How to complete this task:
Your task is to reproduce exactly the lines from the one containing "Massif de MARSEILLEVEYRE" through the last line below, both ends included, and nothing else, with no pictures.

Information supplied:
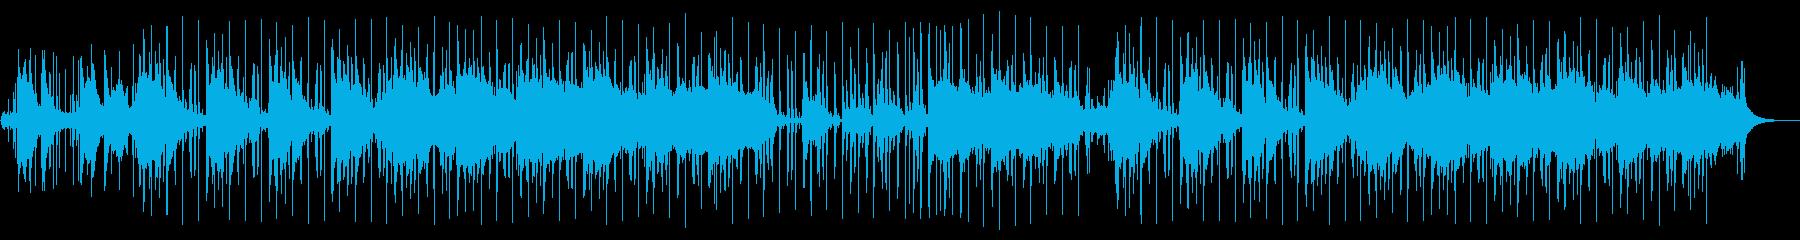 アシッドジャズ:和風リミックスの再生済みの波形
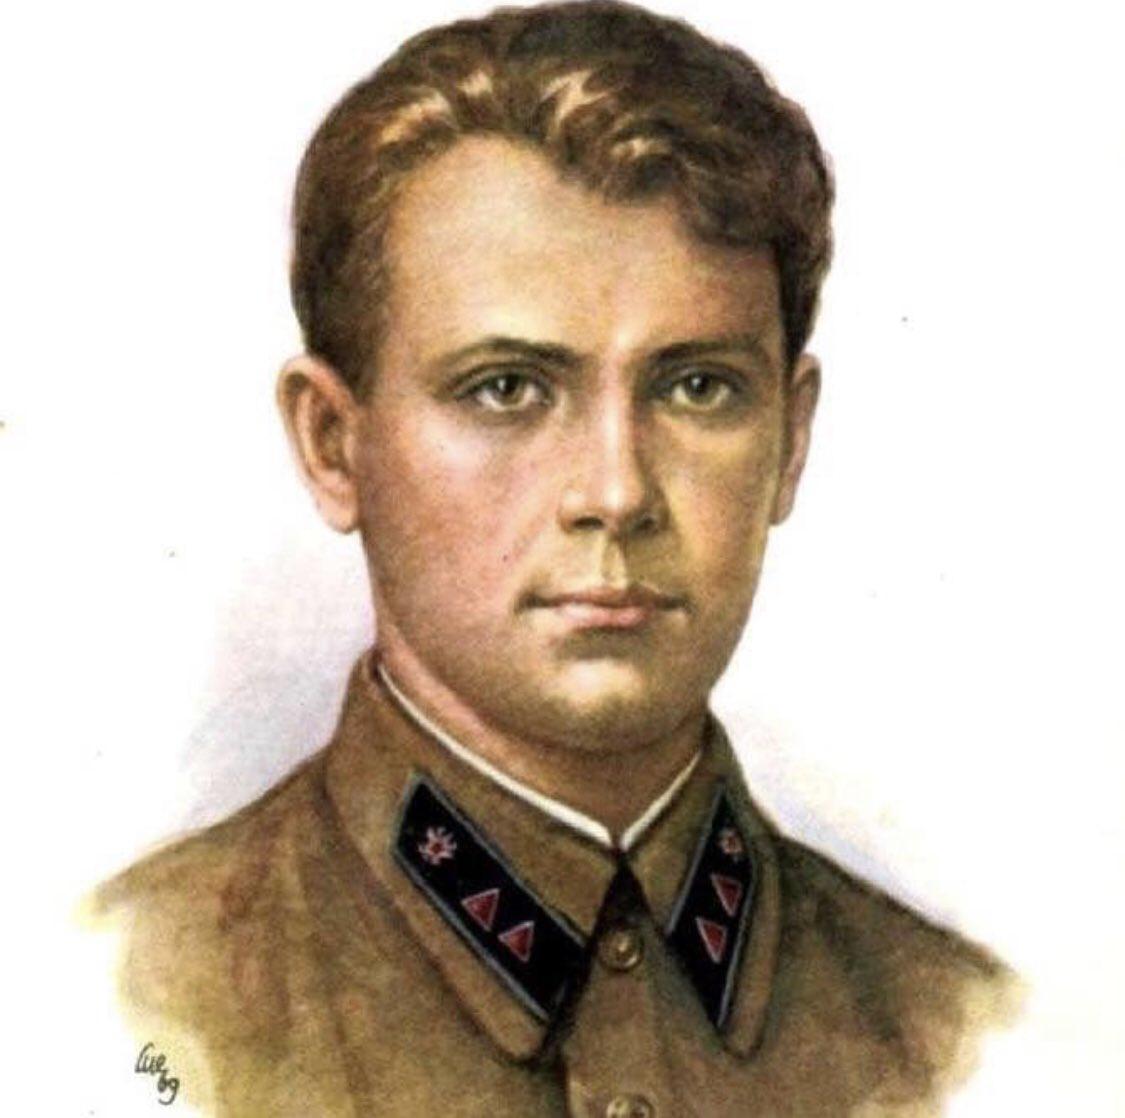 Картинки герои великой отечественной войны 1941-1945, поздравления свекрови днем
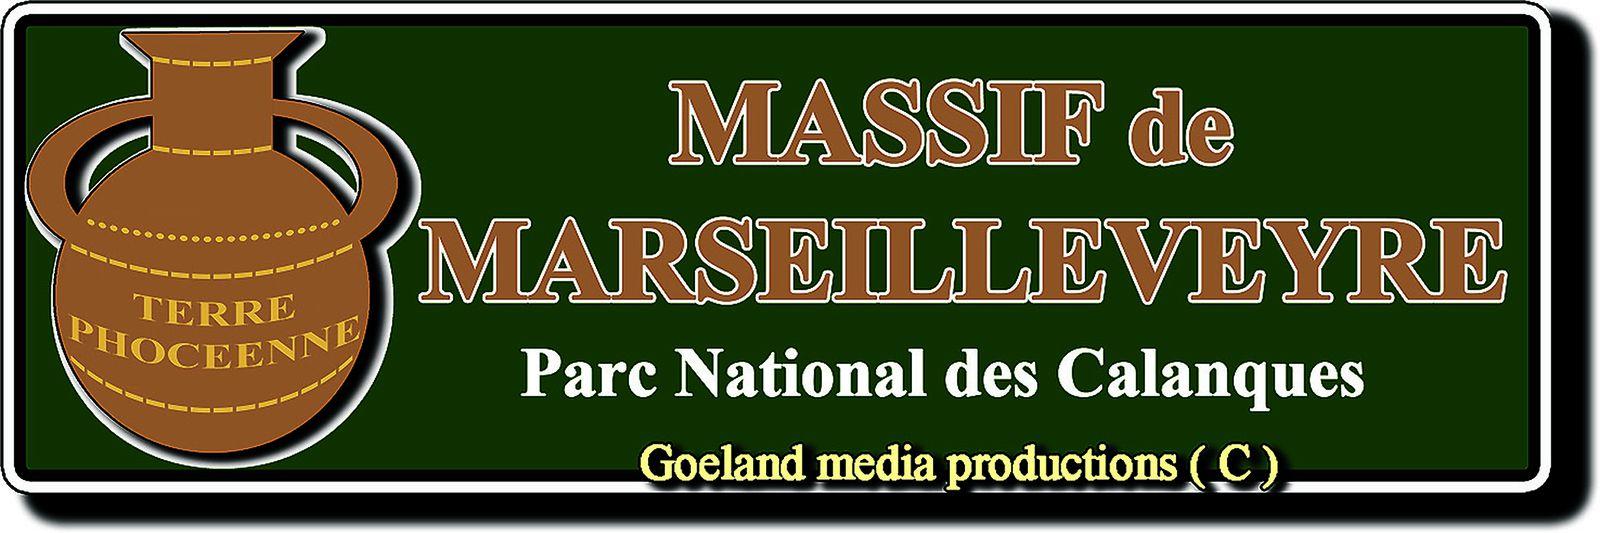 Massif de MARSEILLEVEYRE - goelandmedia.prod@gmail.com (c) - CALANQUES - Marseille ( Dpt 13 )
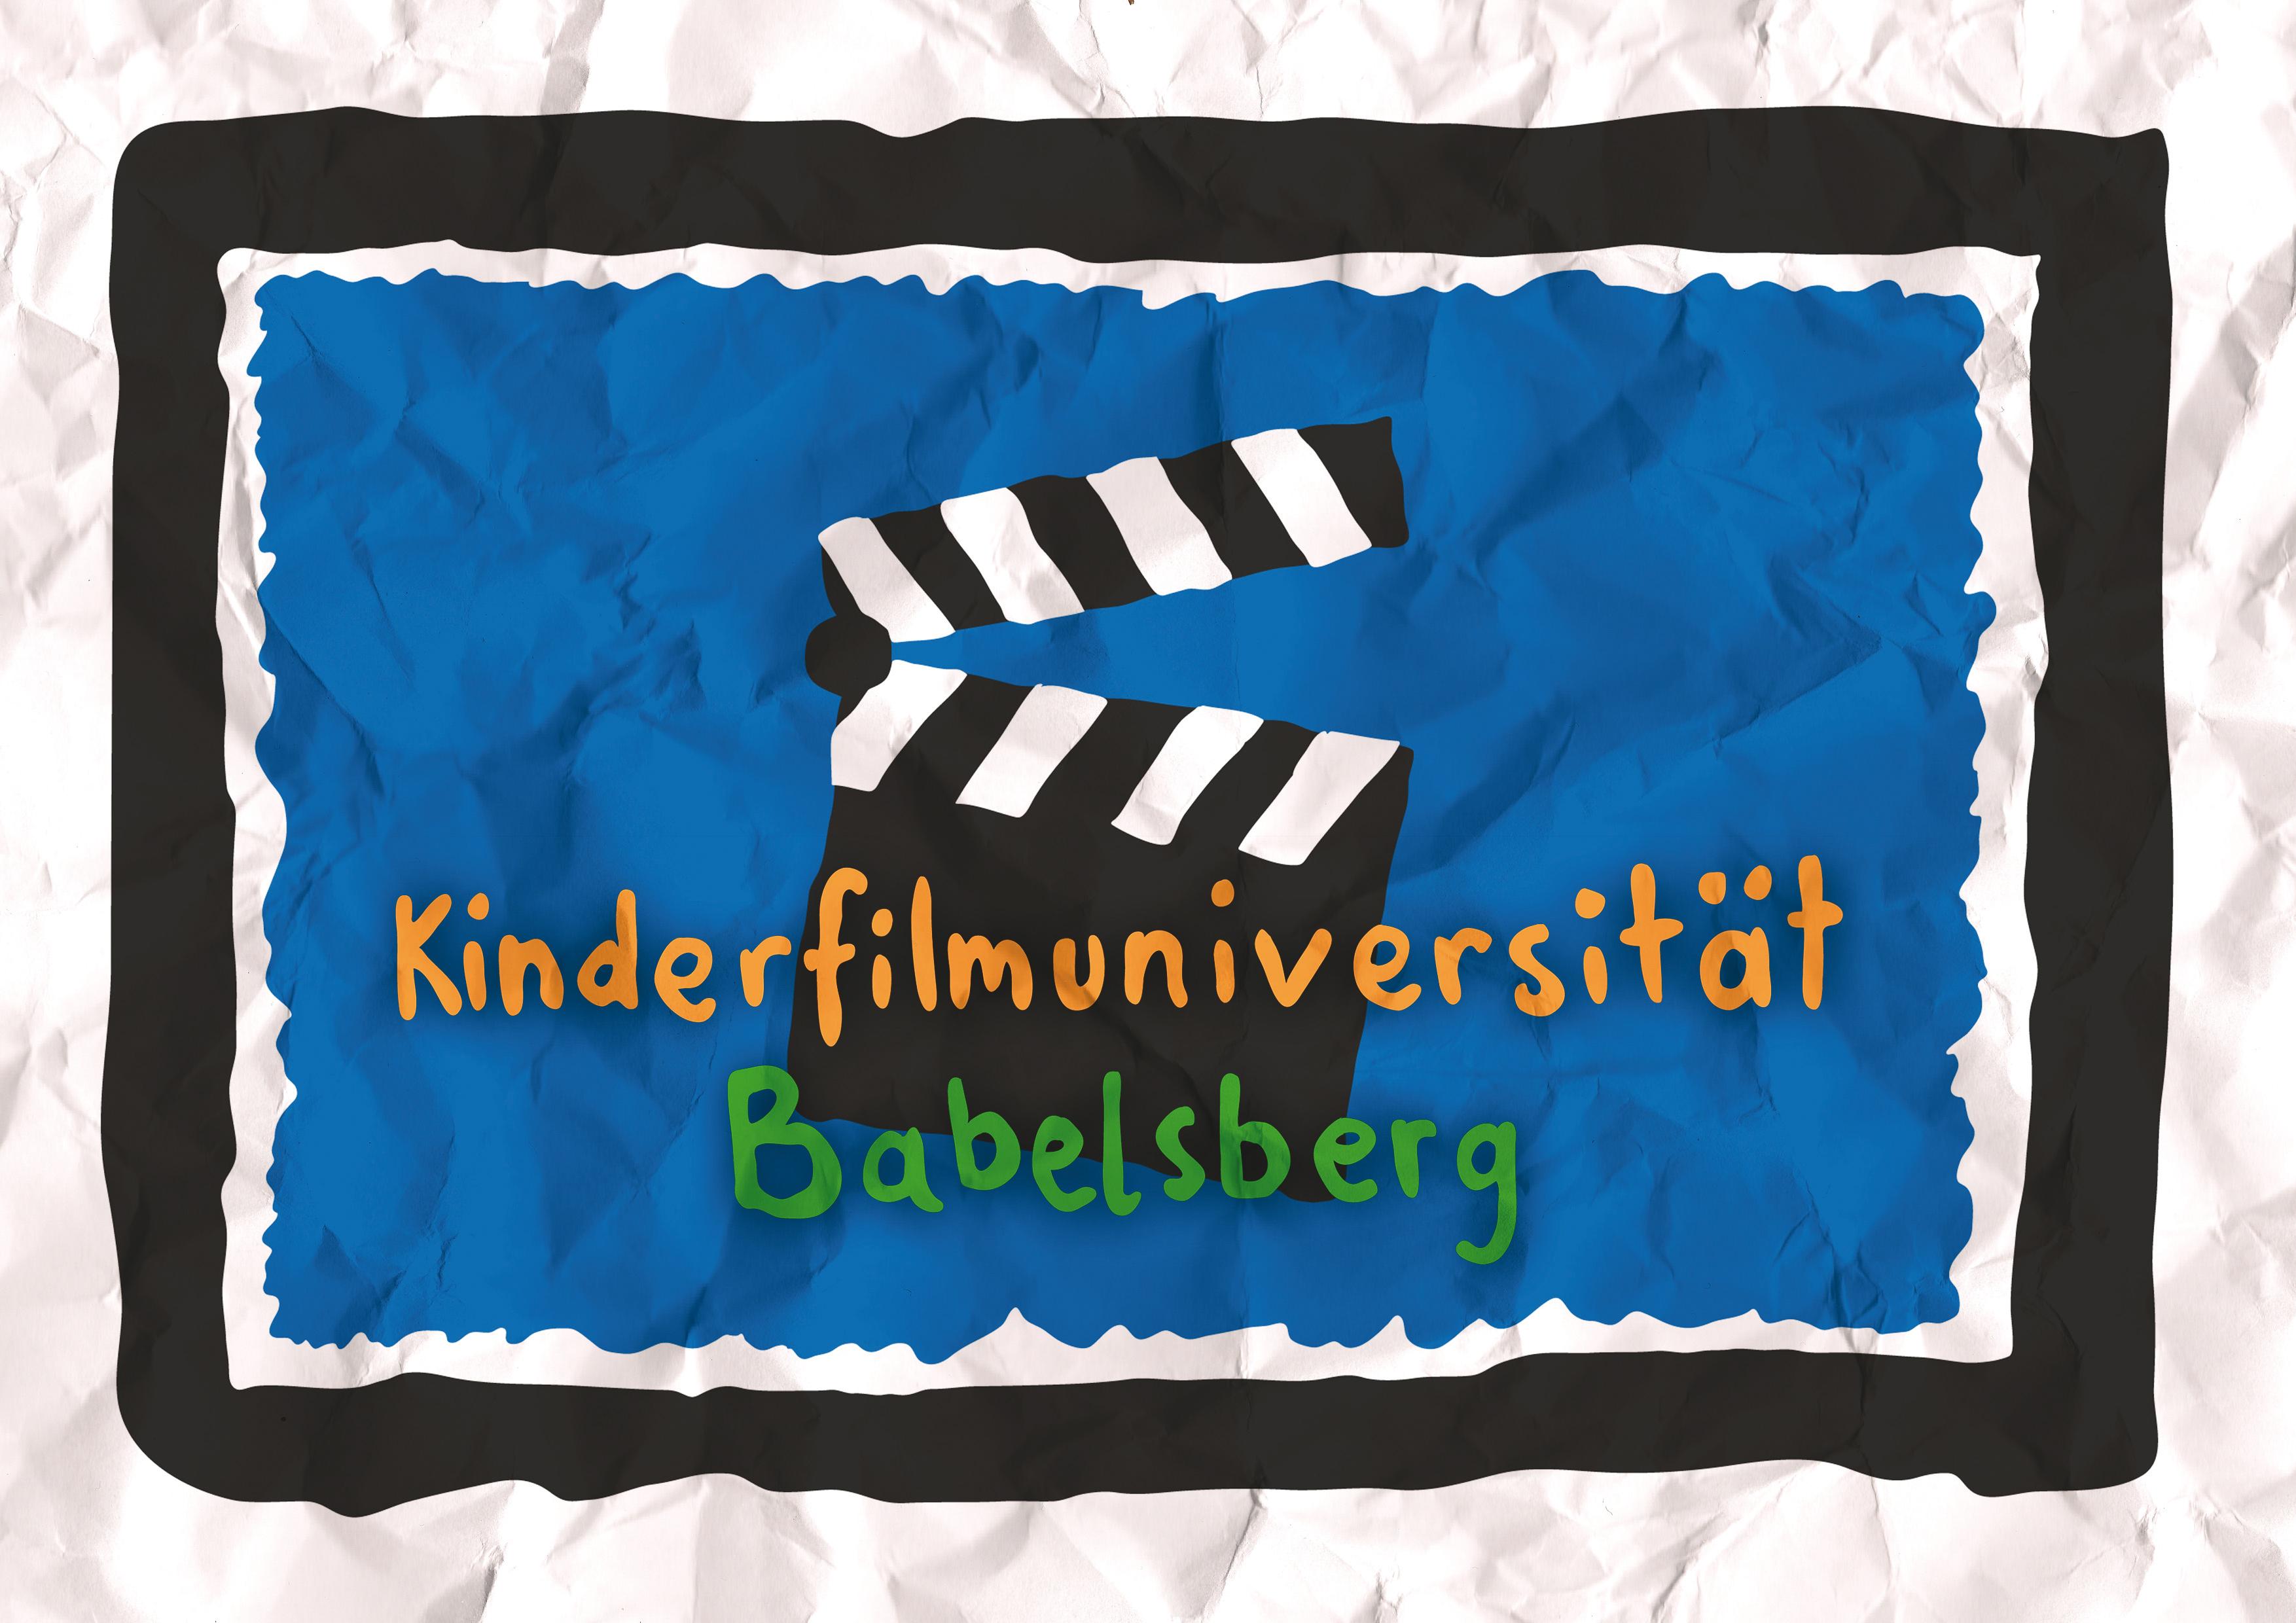 Willkommen bei der Kinderfilmuniversität Babelsberg

Problem solution:
 Massif de MARSEILLEVEYRE - goelandmedia.prod@gmail.com (c) - CALANQUES - Marseille ( Dpt 13 )
 Willkommen bei der Kinderfilmuniversität Babelsberg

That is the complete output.